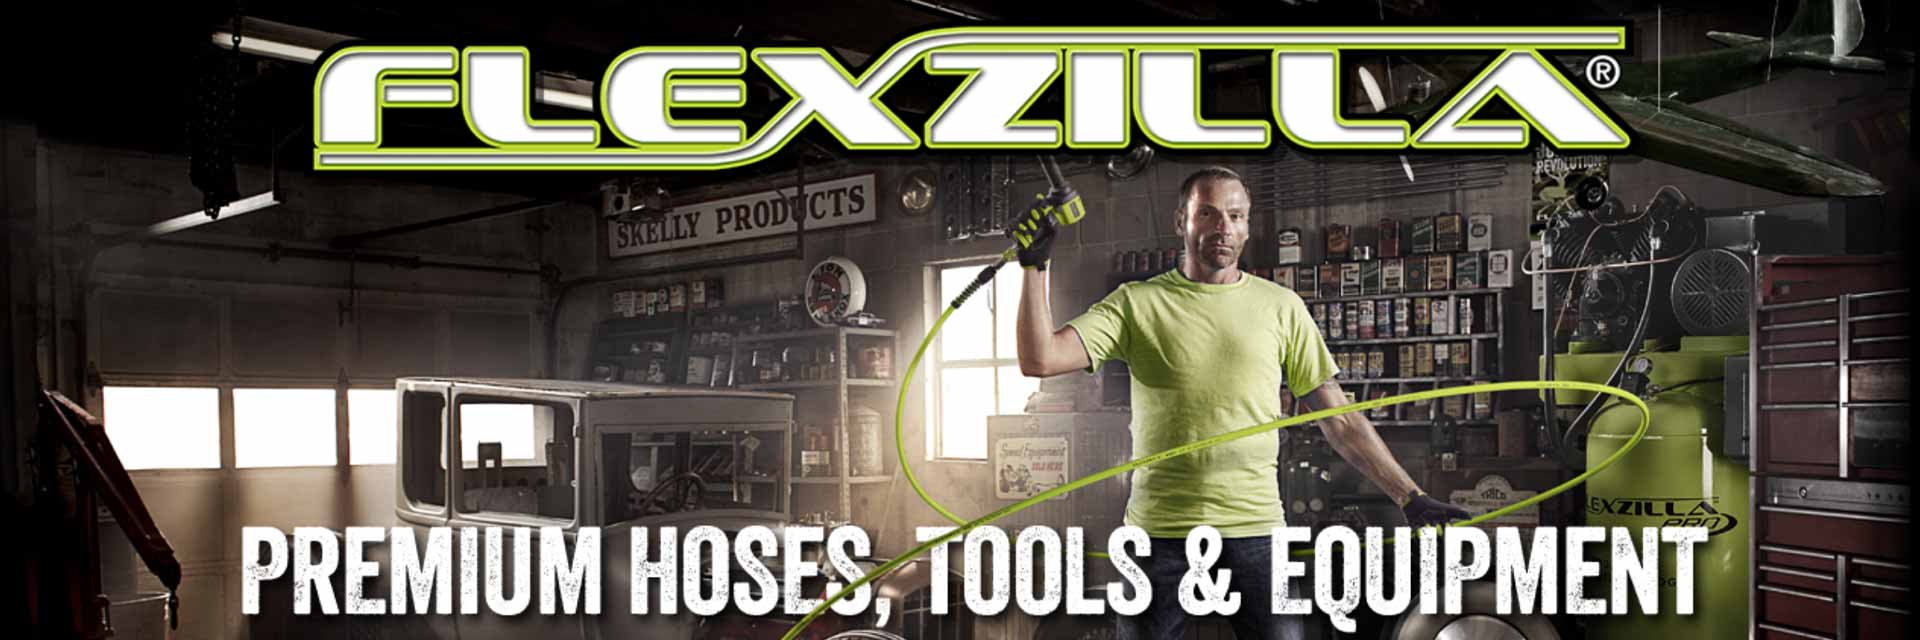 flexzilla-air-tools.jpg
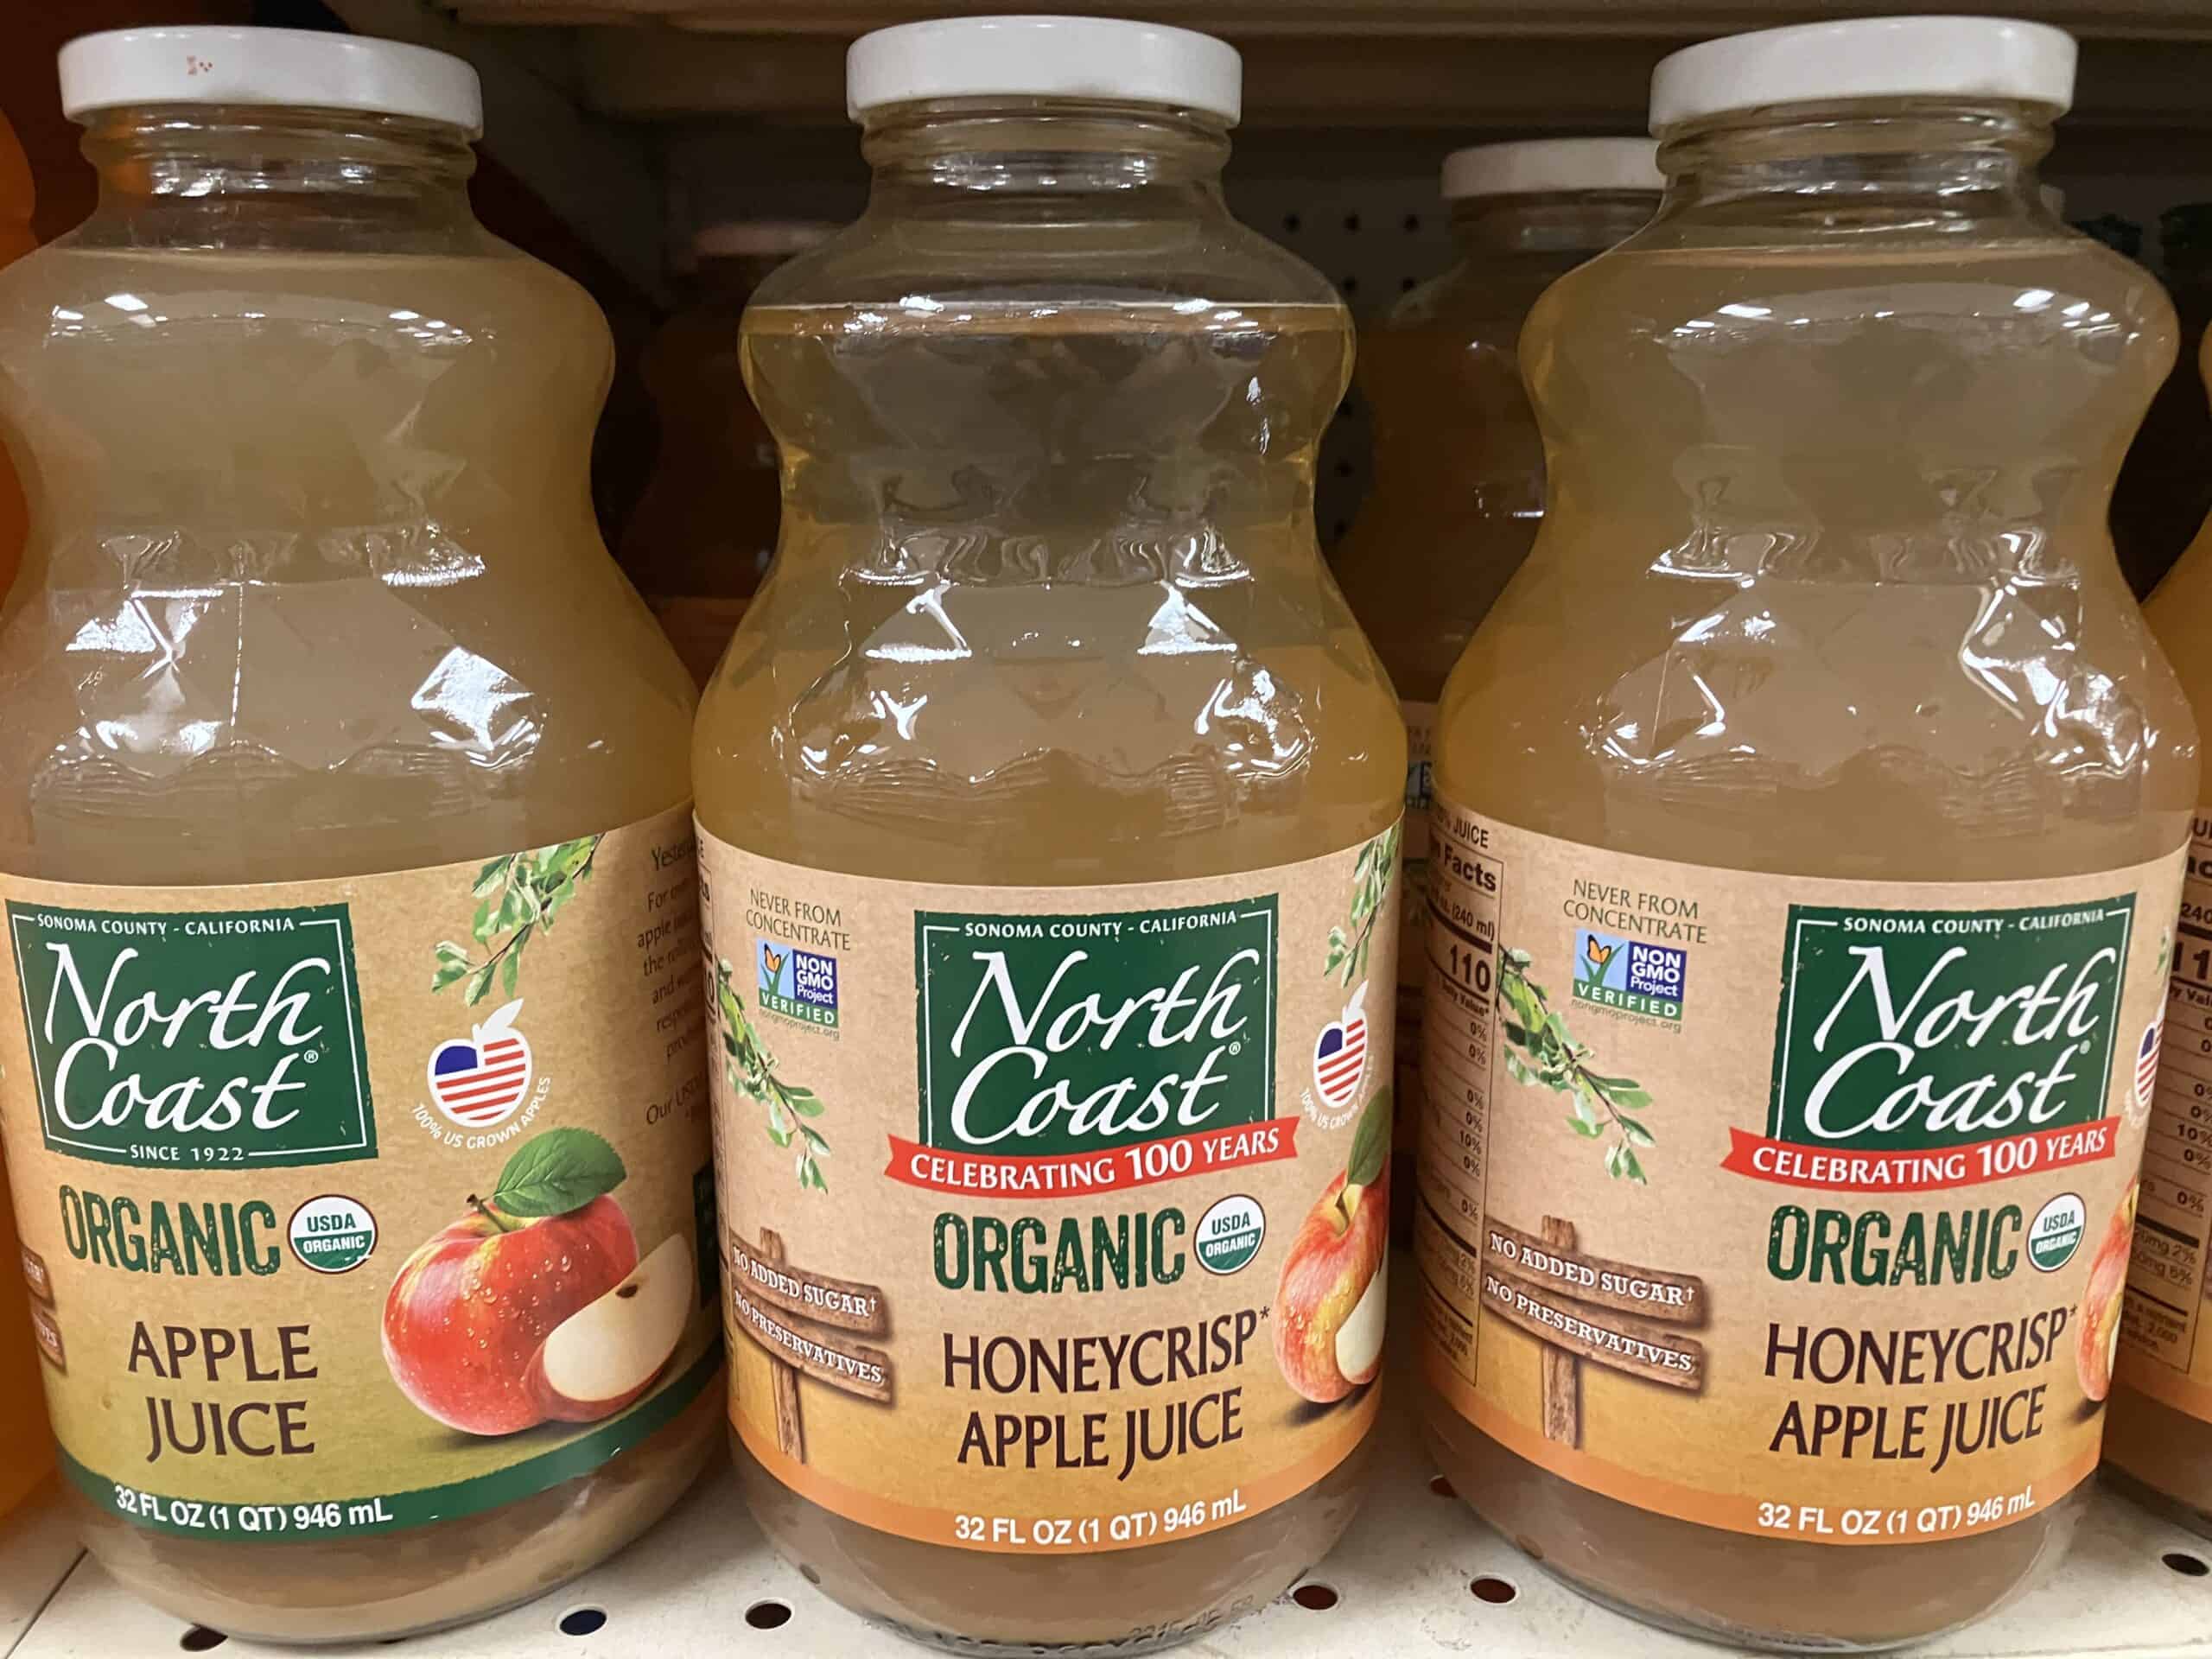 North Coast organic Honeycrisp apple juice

--

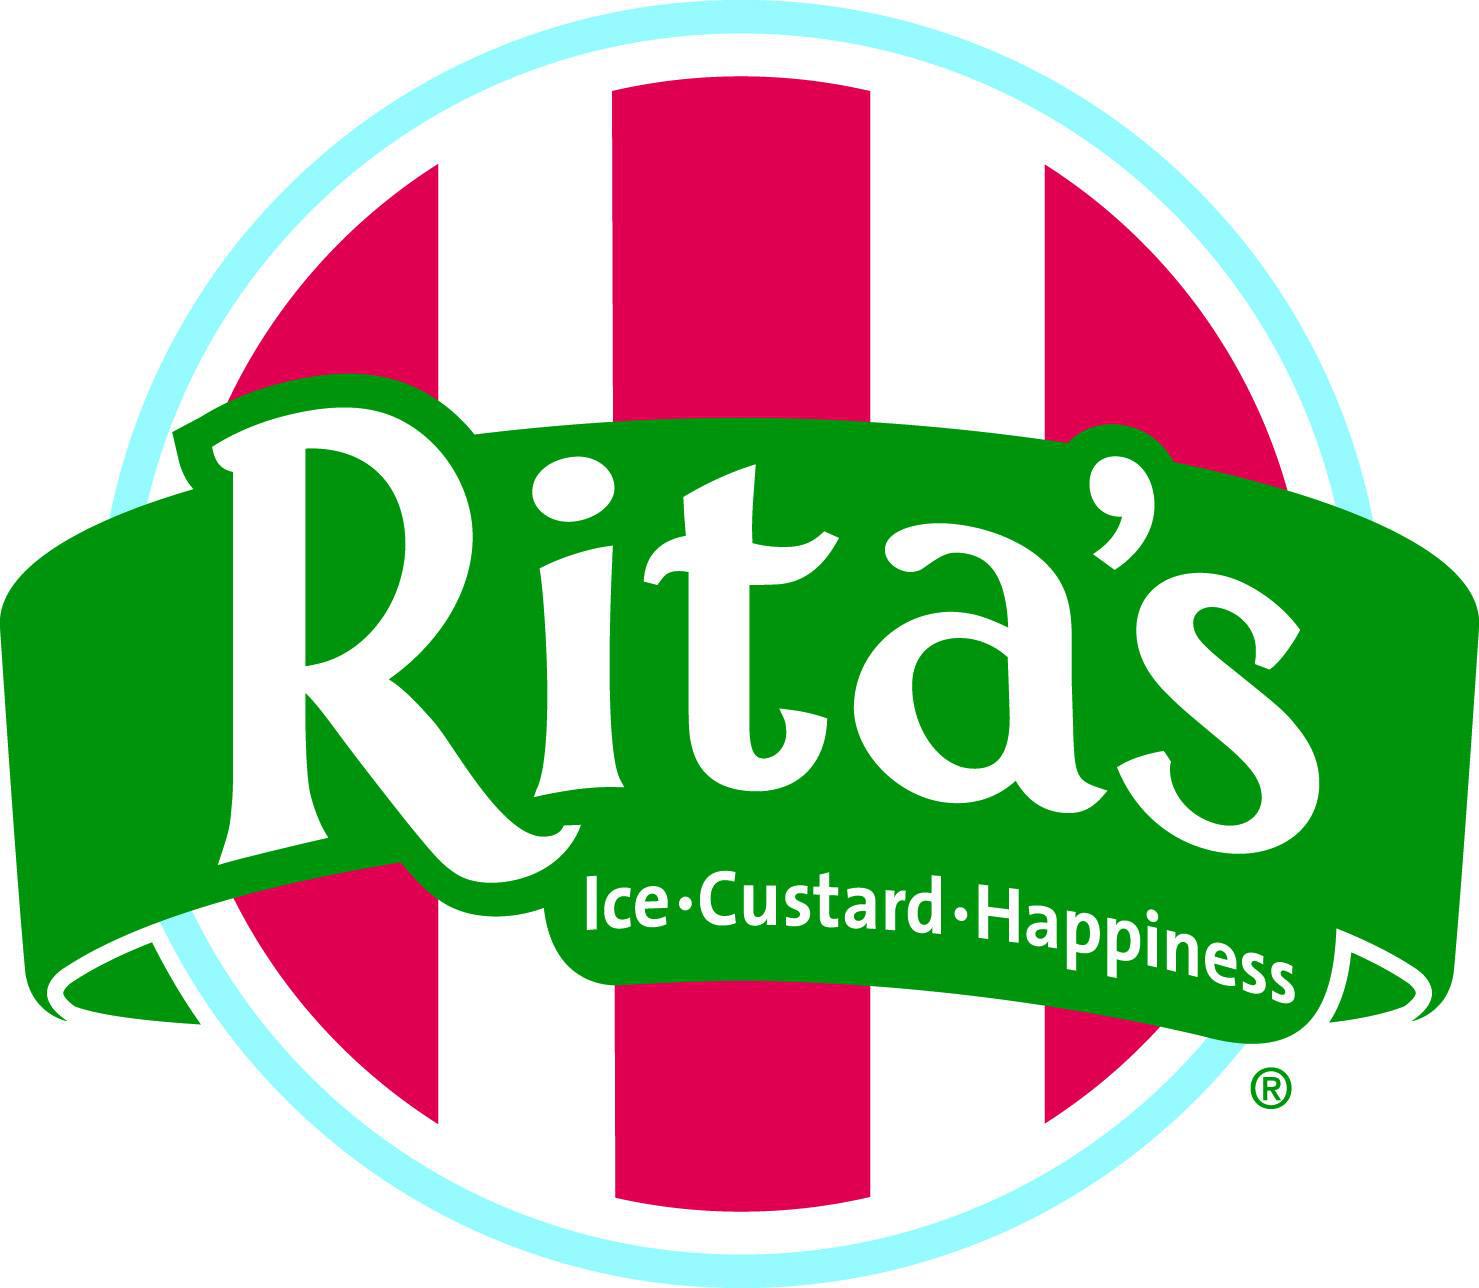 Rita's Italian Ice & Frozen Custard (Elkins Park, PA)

→ Goal of the exercise
The answer must be the lines above from the one containing "flexzilla-air-tools.jpg" through the one containing "North Coast organic Honeycrisp apple juice", reproduced exactly, with no pictures and nothing else.

→ Exercise output
 flexzilla-air-tools.jpg
 North Coast organic Honeycrisp apple juice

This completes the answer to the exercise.